Entonces, en este capítulo, voy a rastrear los destinos del cuerpo-abyecto en el pensamiento contemporáneo y sus imbricaciones con la teoría psicoanalítica, lo cual implicará, por añadidura, efectuar la revisión de algunas importaciones conceptuales, en particular acerca de la sublimación. El recorrido tomará en cuenta diversas propuestas teóricas, tomando como eje los estatutos y usos que se confiere al cuerpo en cada una de ellas, es decir, los conceptos con que se lo piensa y articula. La tesis de fondo que orienta esta lectura crítica es la señalada por Lacan: “Freud relaciona la sublimación con los Triebe como tales y en ello reside,
para los analistas, toda la dificultad de su teorización” (Lacan, S7, 2009: 136). Lo que pretendo mostrar es que por descuidar o descartar la imbricación pulsional concernida en la teoría de la sublimación freudiana, la imagen del cuerpo-abyecto alimenta unos fantasmas en los que la discusión y la prácticas se encallan tropezando una y otra vez. La mostración de lo abyecto sostiene el fantasma del franqueamiento posible del límite del lenguaje, la ilusión de que el velo puede ser levantado, los semblantes desenmascarados, para mirar de frente lo real y con ese fin se exhibe el cuerpo apelando al dolor, los fluidos y los fragmentos. En esta búsqueda se cuela de modo más o menos subrepticio una concepción naturalista del cuerpo en tanto pura carnalidad pre- simbólica, o incluso animal, anclada en la suposición retroactiva de un cuerpo que todavía no es el cuerpo marcado por el significante, o que ha dejado de serlo.
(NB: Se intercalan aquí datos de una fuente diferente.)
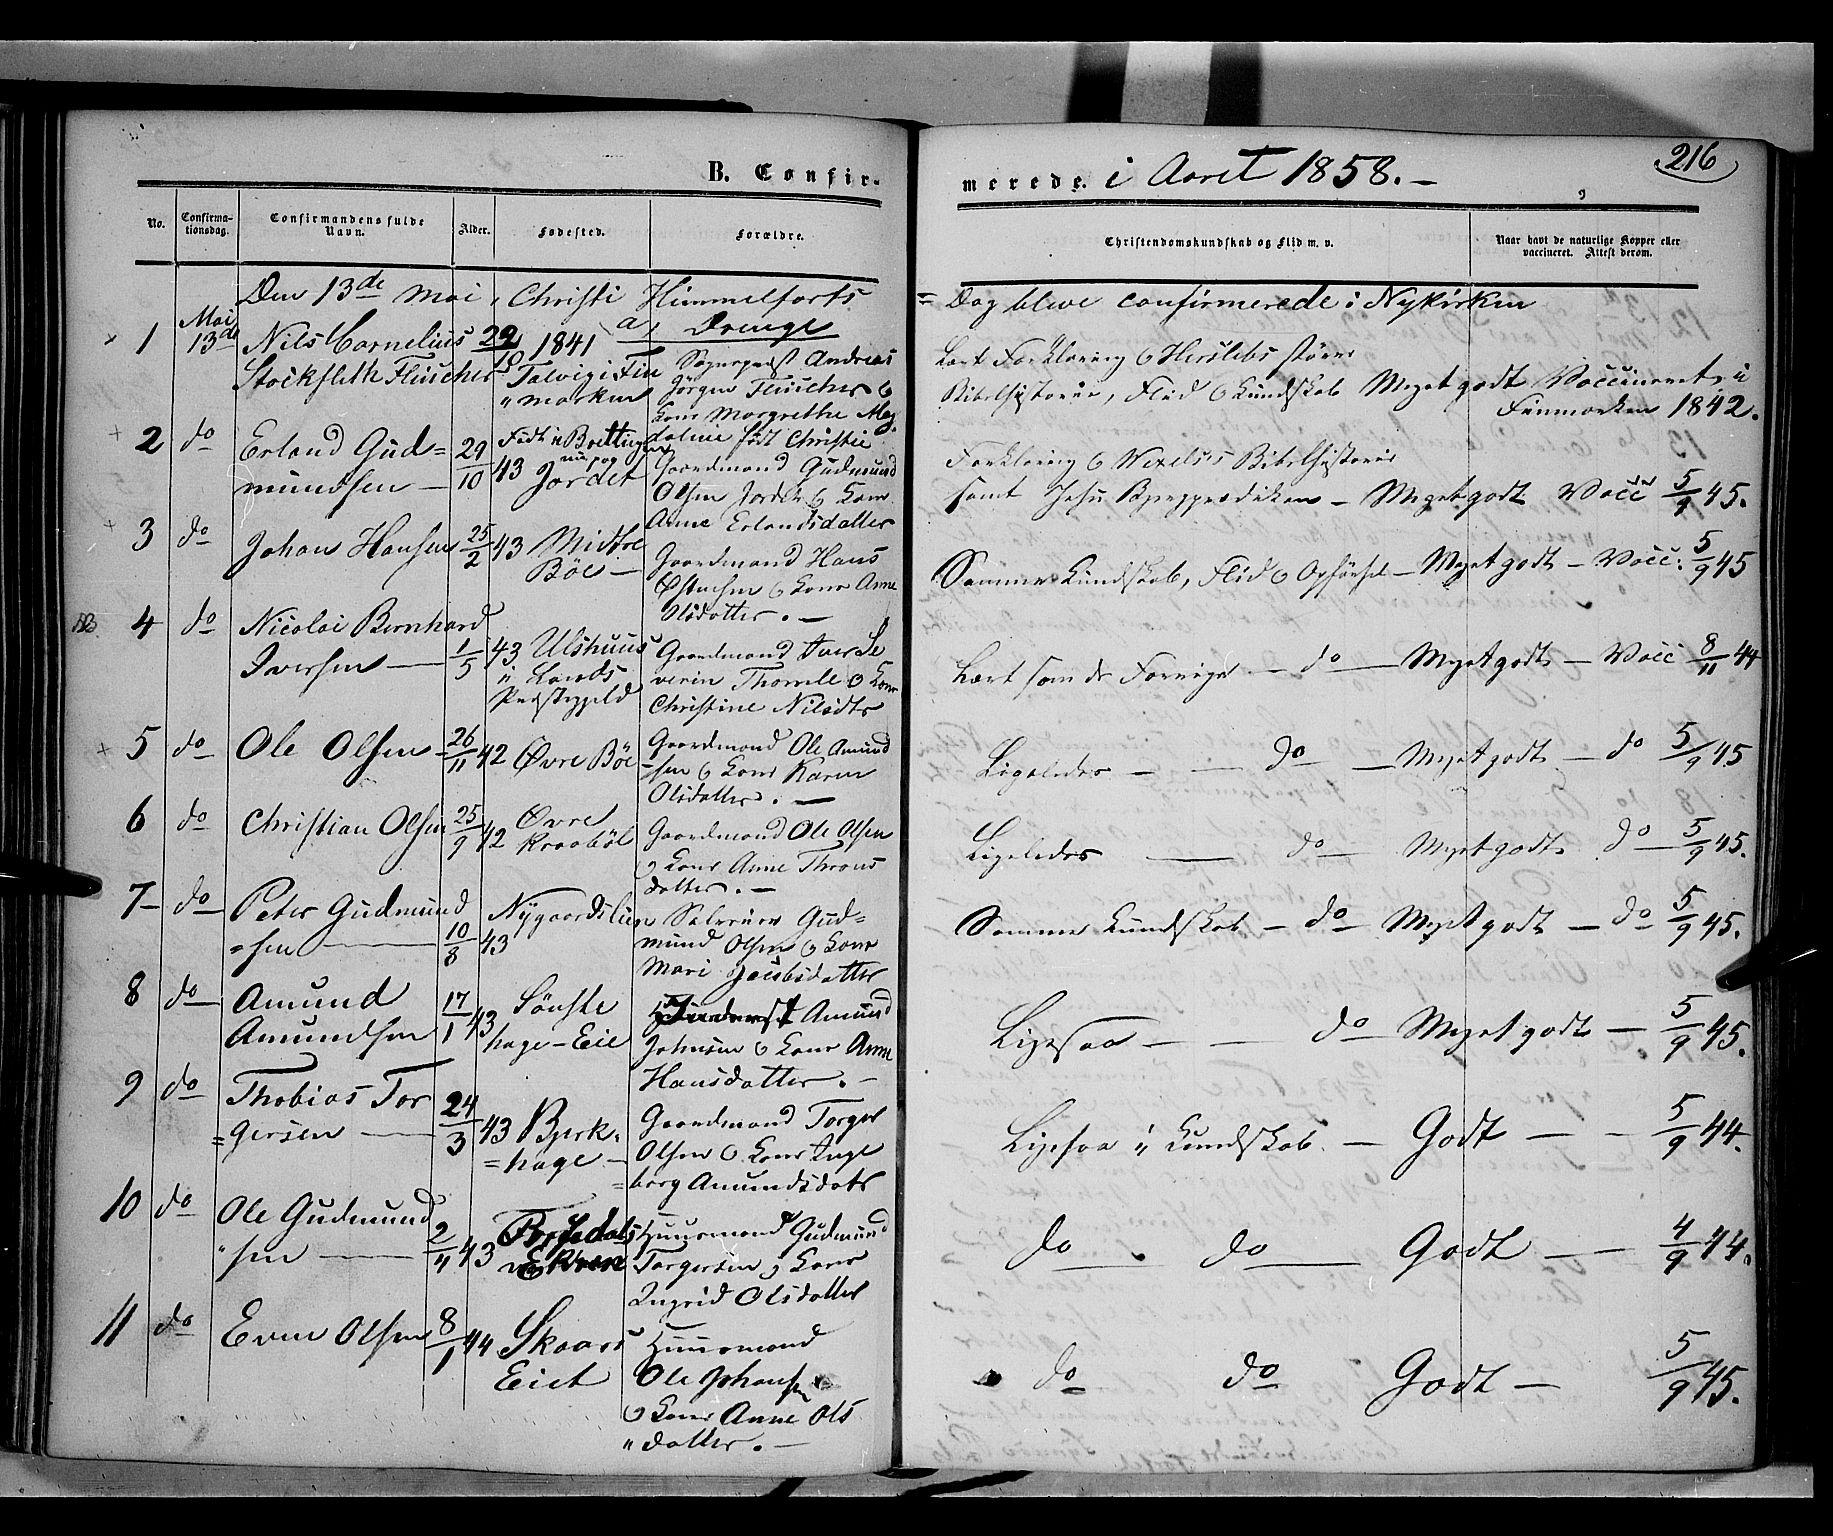 SAH, Gausdal prestekontor, Ministerialbok nr. 8, 1850-1861, s. 216
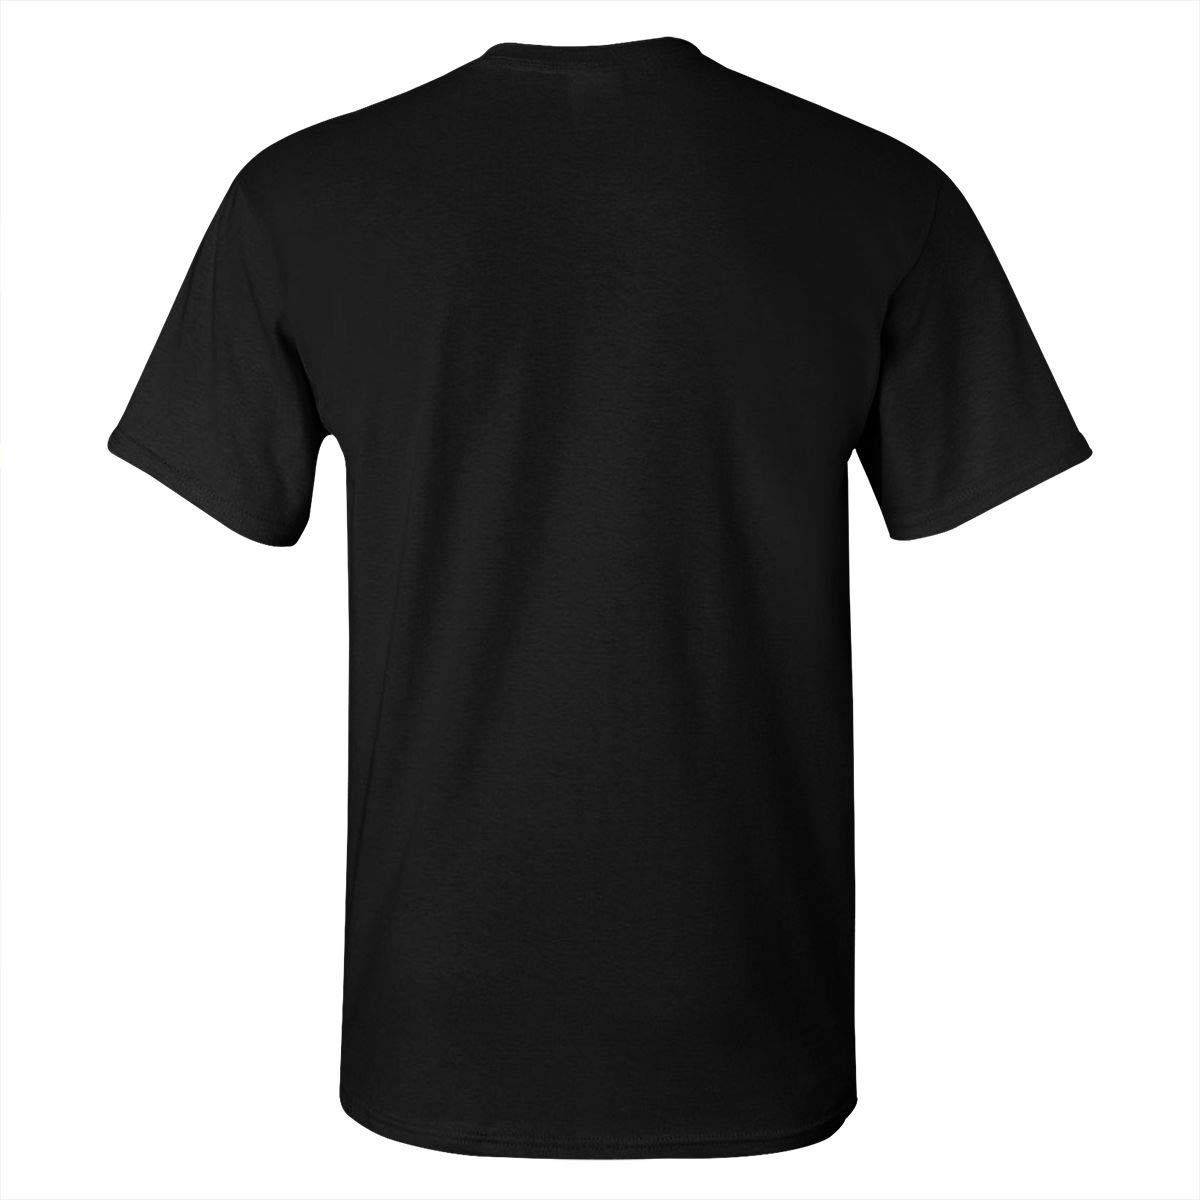 Adult Women Men Cotton Love is Love Gay Pride Tee T-Shirt Black

Esta fantasma (omnipotente) de fin o de liberación de la constricción de la cultura, y allende, del lenguaje, no expresa sino una sorda variante posmoderna del malestar en la cultura postulado por Freud, variante que apela a lo repugnante, excrementicio e informe, contra la belleza, la limpieza y el orden, esos requerimientos superfluos y no obstante caros a la vida cultural, según aquel señalaba es su célebre artículo188.
En el plano específico del arte, Lacan señala en un pasaje del seminario 7 el esfuerzo de todo artista por realizar el fin del arte, en la relación contradictoria que sostiene con la época en que se manifiesta: “El arte intenta operar nuevamente su milagro, siempre a contracorriente, contra las formas reinantes, normas políticas por ejemplo, esquemas de pensamiento inclusive” (Lacan, S7: 174), es decir que el arte siempre procura poner en cuestión al amo. Teniendo esto en cuenta, y tomando apoyo en la formalización lacaniana de los discursos, es posible relacionar las prácticas artísticas con la fórmula del discurso de la histeria189, en el cual el sujeto en posición de agente se dirige al Otro para exigirle que produzca un
188 En palabras de Freud: “[e]s notorio que belleza, limpieza y orden ocupan un lugar particular entre los requisitos de la cultura. Nadie afirmará que poseen igual importancia vital que el dominio sobre las fuerzas naturales y otros factores que aún habremos de considerar; no obstante, nadie los relegará a un segundo plano como cosas accesorias” (Freud, OC, vol. XXI :76).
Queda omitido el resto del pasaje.